Methods: Aβ [1] and tau pathology submodels are merged through the model of intracellular protein degradation systems (proteasome, autophagy) which govern protein accumulation and can be disrupted progressively in AD. Literature data (concentration baselines and dynamics, SUVR) from mice and human, in vitro perturbations of cellular pathways (rapamycin, proteasome inhibitors, vinblastine, ACAT inhibitors, calpain inhibitors) have been used for calibration. Simplified pharmacokinetic model of antibodies describes distribution to the brain and target binding, preventing seeding and growth of aggregates; it was calibrated on the data for non-specific IgG [2], and partially verified of BAN2401 CSF data. Data from clinical studies for aducanumab and BACE inhibitor (verubecestat) have been used for model validation, together with mouse data for treatment by rapamycin, calpain inhibitors, proteasome activation as well as tau targeting antibodies, DC8E8 (tau) [3] and GW-23B7 (anti-β-sheet), in Tau and APP/Tau mouse AD models.
Result: Model correctly describes progression and interaction the Aβ and tau pathologies. It correctly predicts effect of rapamycin, calpain inhibitors, proteasome activation on tau or amyloid in transgenic mouse models, as well as efficacy of antibodies. Predictions for aducanumab efficacy in Tg2576 mouse [4]
correspond to the data (about 40-50% for soluble and insoluble amyloid). Translation to clinical trial predicts correctly amyloid SUVR decrease by 0.2 from baseline within 54 weeks [4]. Tau in cortex and hippocampus is predicted to change by 10-15%. Similar prediction was derived for verubecestat low efficacy towards tau in CSF. Simulated addition of rapamycin to aducanumab therapy increase efficacy tremendously, leading to 80% brain tau reduction within one year and acceleration of amyloid clearance.

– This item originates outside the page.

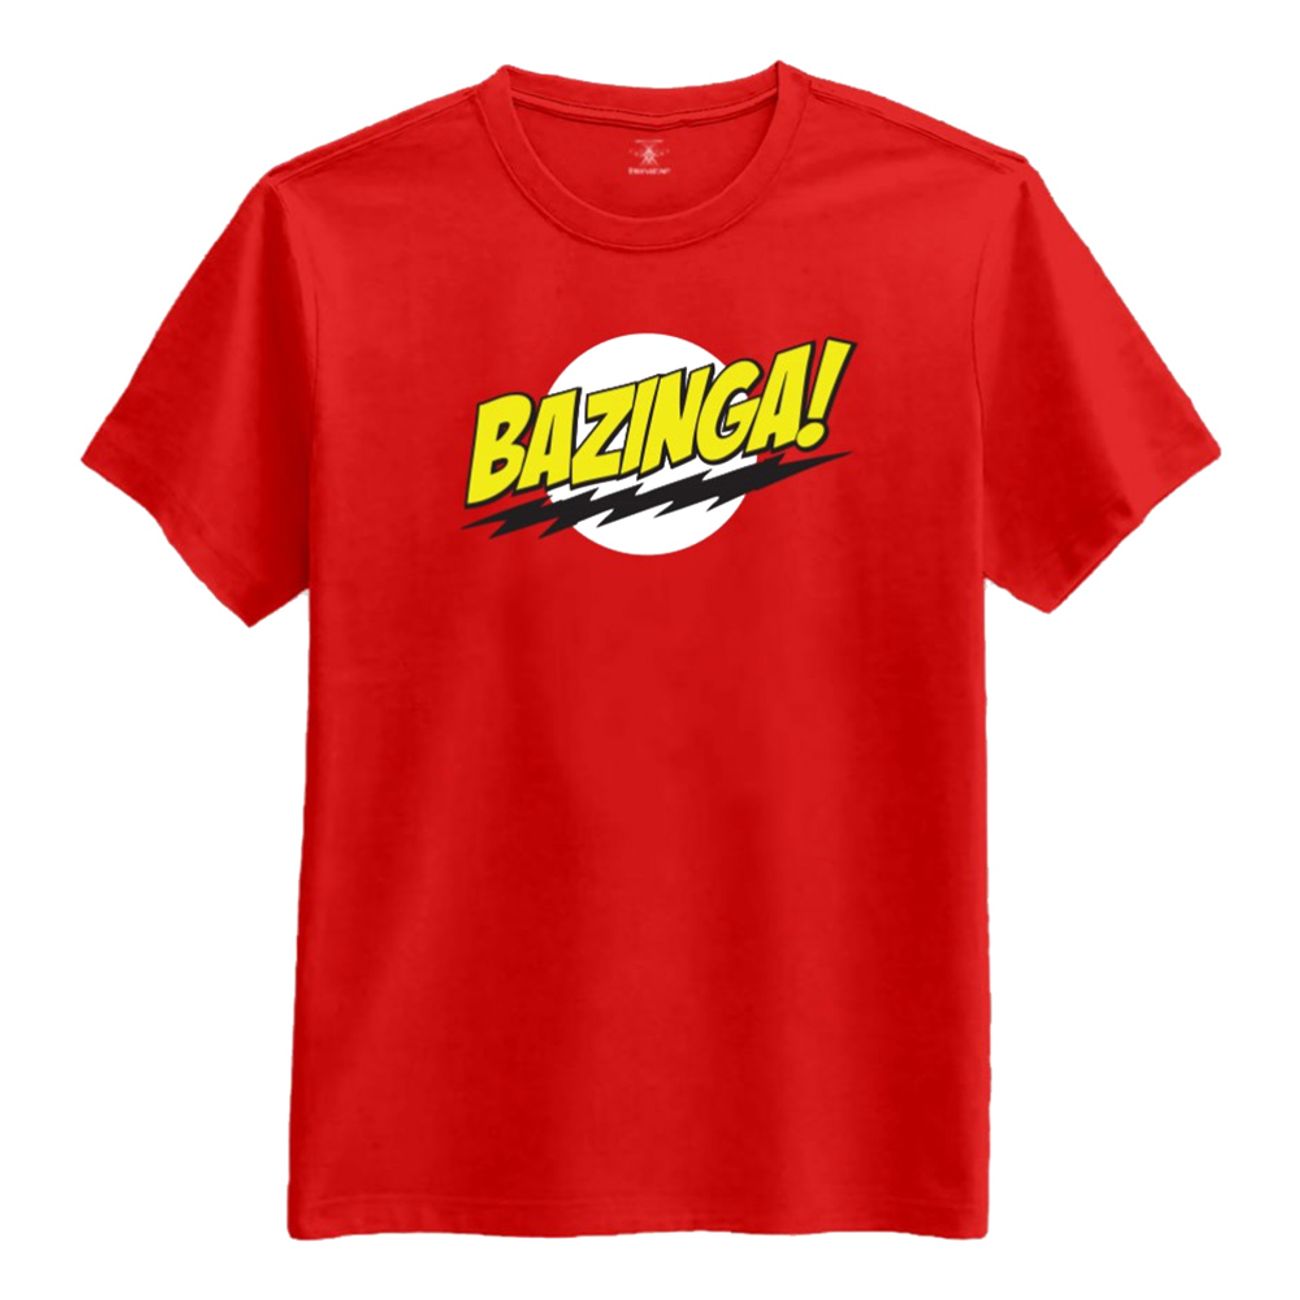 bazinga-t-shirt-2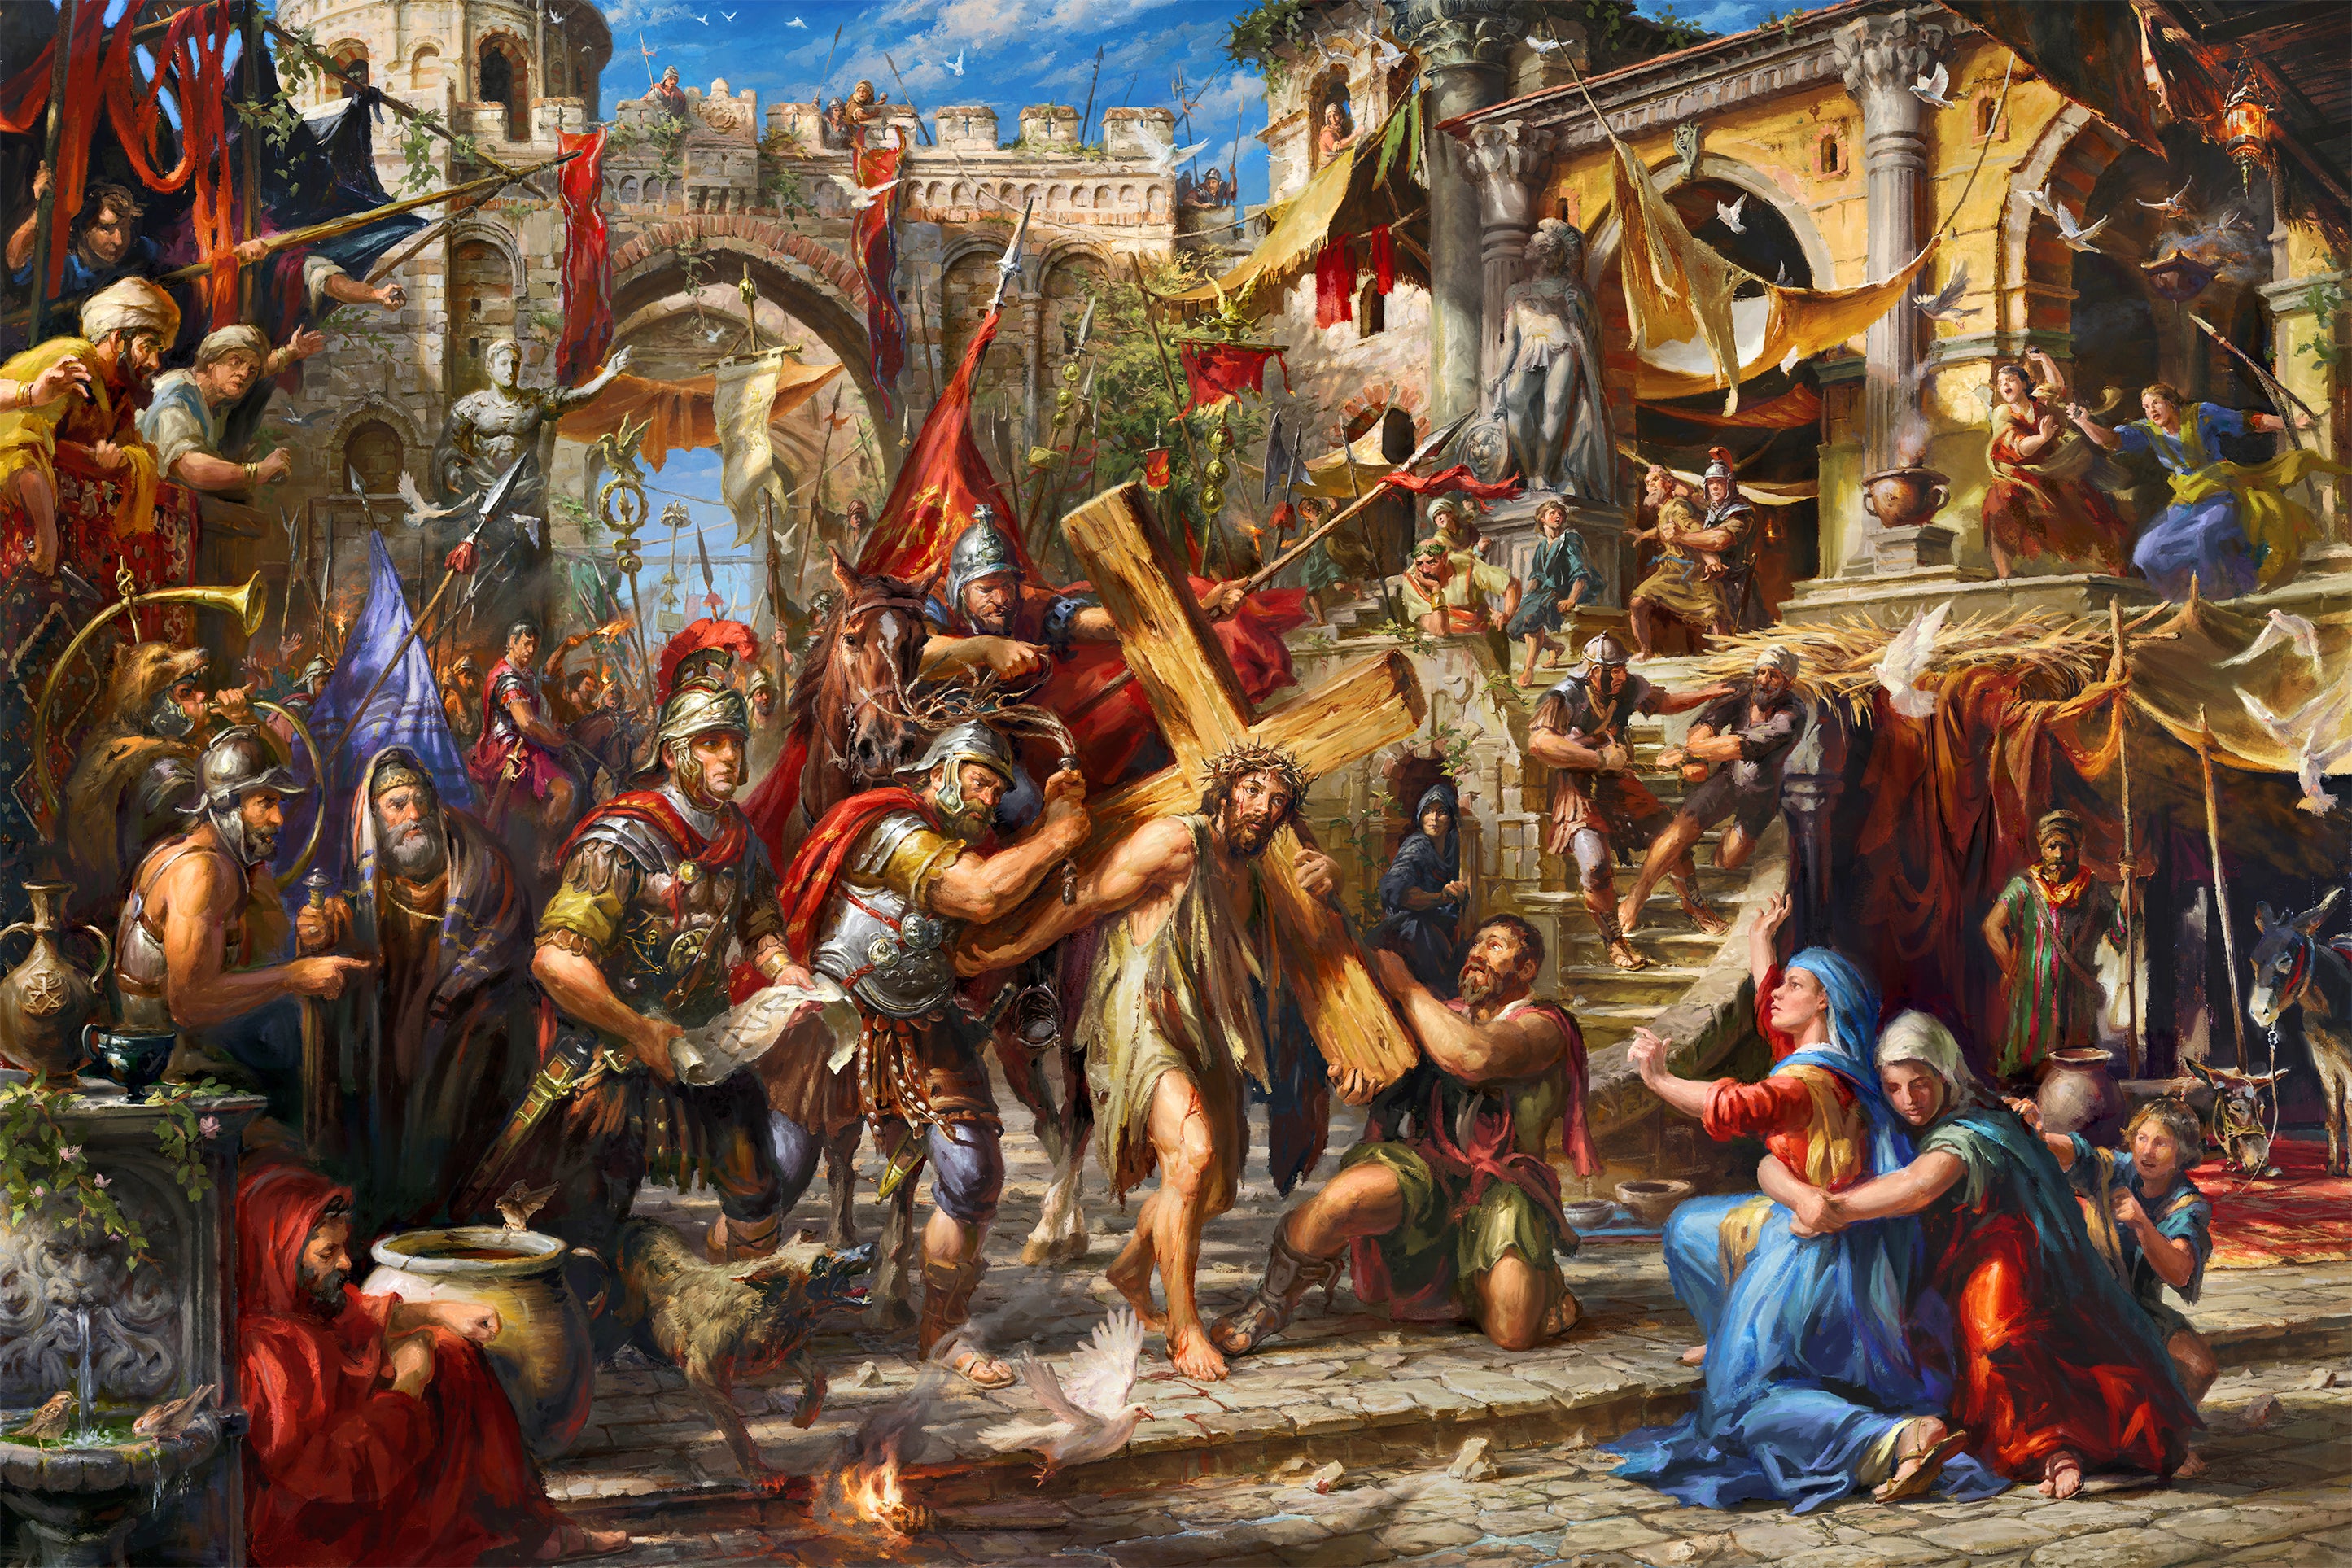 the way of love - jesus carrying his cross through jerusalem sorrow and struggle - Blend Cota original oil painting - renaissance revival - blend cota studios art

Conclusion: QSP modeling allows for choice of combinations of newly emerging biologics combined with targeting cell metabolism, to lead optimization and increase of treatment efficacy.
Summary: QSP modeling allows for choice of combinations of newly emerging biologics combined with targeting cell metabolism, to lead optimization and increase of treatment efficacy. References: 1. Karelina, T. et al. CPT: Pharmacometrics & Systems Pharmacology (2017) 6(10), 676– 685.
2. Chang, H.-Y. (2019). Journal of Pharmacokinetics and Pharmacodynamics (2019) 46(4), 319–338
3. Kontsekova, E. et al. Alzheimers Res Ther (2014) 6(4), 45.
4. Sevigny, J. The antibody aducanumab reduces Aβ plaques in Alzheimer’s disease. Nature, (2016). 537(7618), 50–56.